降り注ぐような日差しで目を覚まし、山を背に海をめざして歩けば、そこは温泉で有名な静岡県伊豆市土肥の中心部。特産市で買い求めた新鮮な野菜を調理して昼食とし、夜はこの土地ならではの味覚が楽しめる飲食店ののれんをくぐる。地元の人や観光客が入り交じって、ローカルな話に花が咲く。最近山で見た野生動物について、今年の「土肥桜」の見頃について――。

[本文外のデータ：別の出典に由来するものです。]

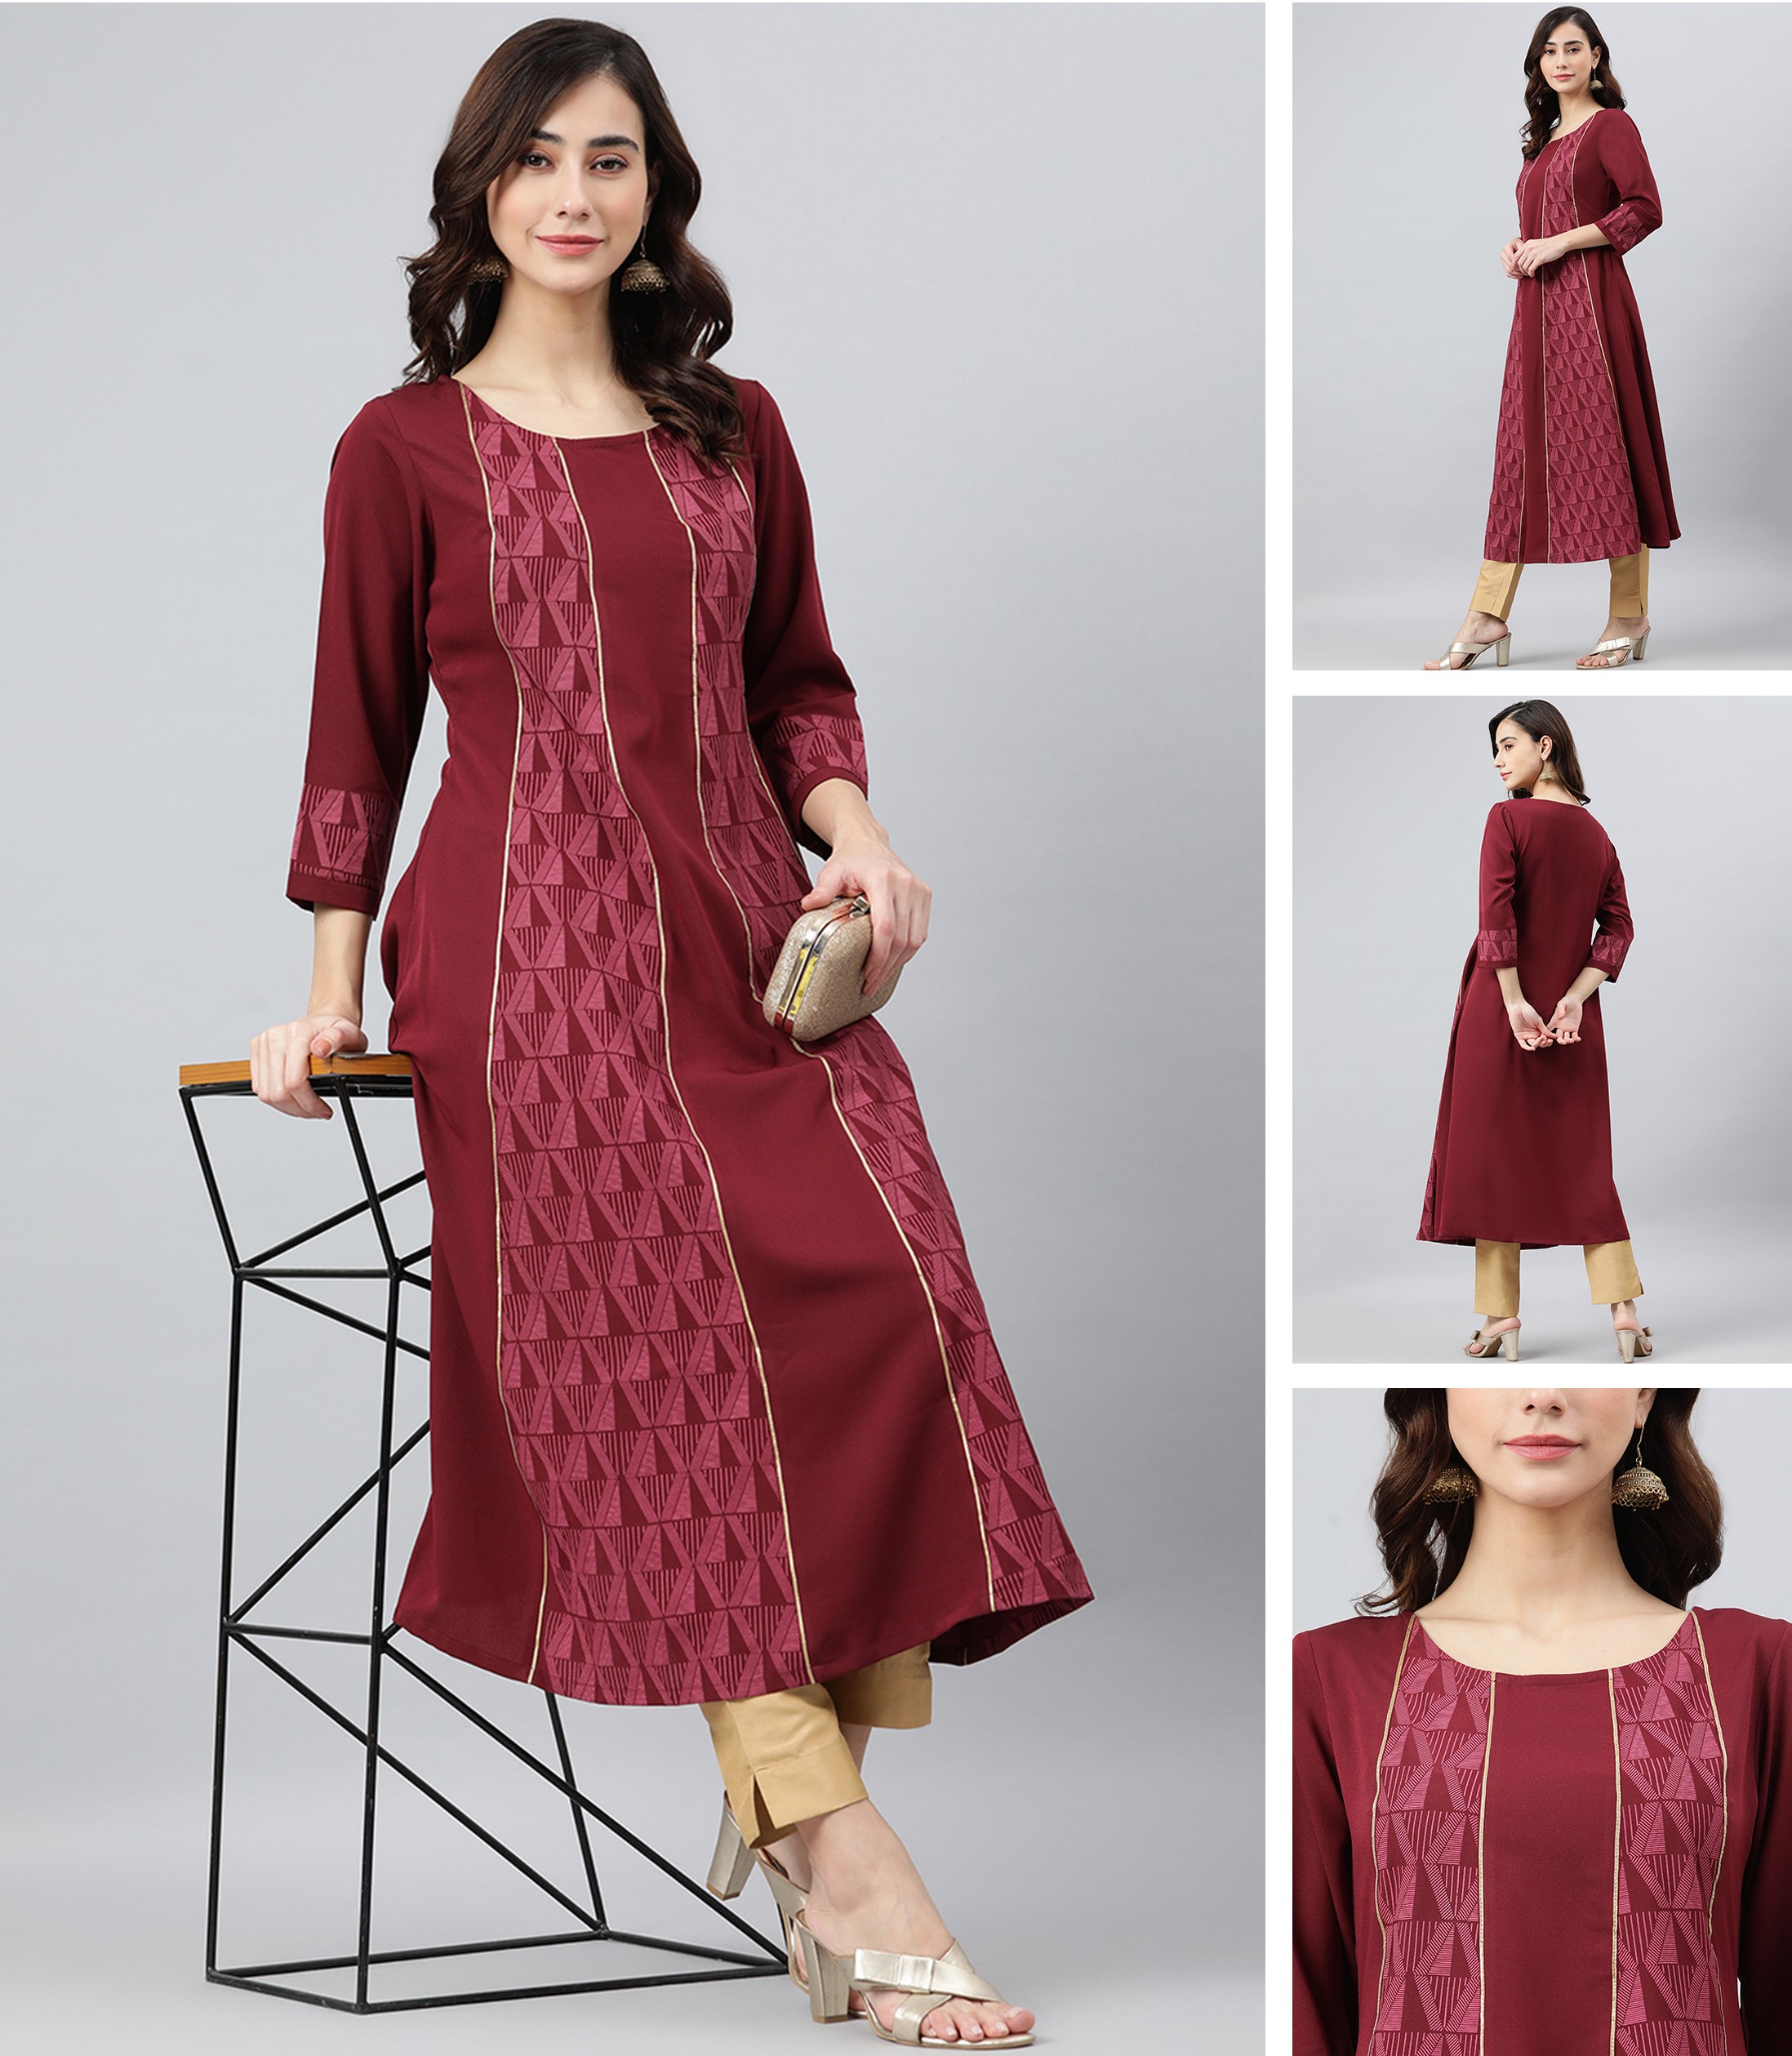 Maroon Colour Collar Neck Kurti Designs with Front Button

そんなリアルな伊豆市の暮らしを体験できるのが、市内に計3棟ある「お試し住宅」だ。都市部などからの移住を促すため市が2019年に始めたサービスで、2軒の長期利用(1~6カ月)の住宅は昨年11月から子育て世帯や若い夫婦の世帯に対象をしぼり募集している。期間中、1歳以上の子どもは一時預かり保育を活用し、こども園に入園することができる。
同市は伊豆半島の真ん中に位置する人口約2万8千人のまち。主要駅であるJR修善寺駅へは新幹線がとまる三島駅から伊豆箱根駿豆線に乗り、約40分。都心に比較的近い県東部に位置するものの、通いやすいとはいいがたい。それでも若い人たちを呼び込みたいという市で、移住の「いま」を取材するため、短期利用(7~15日)の住宅に10日間滞在させてもらった。
「子育て全力宣言」で若い世代をターゲットに
修善寺駅から西に車を走らせること約40分、土肥地区にあるお試し住宅の一軒家にたどり着いた。2階建ての3DKに冷蔵庫や洗濯機などの家電やキッチン用品は備え付けられていて、衛生用品をそろえればすぐに利用が始められる。こども園やスーパーまで徒歩10分の距離だ。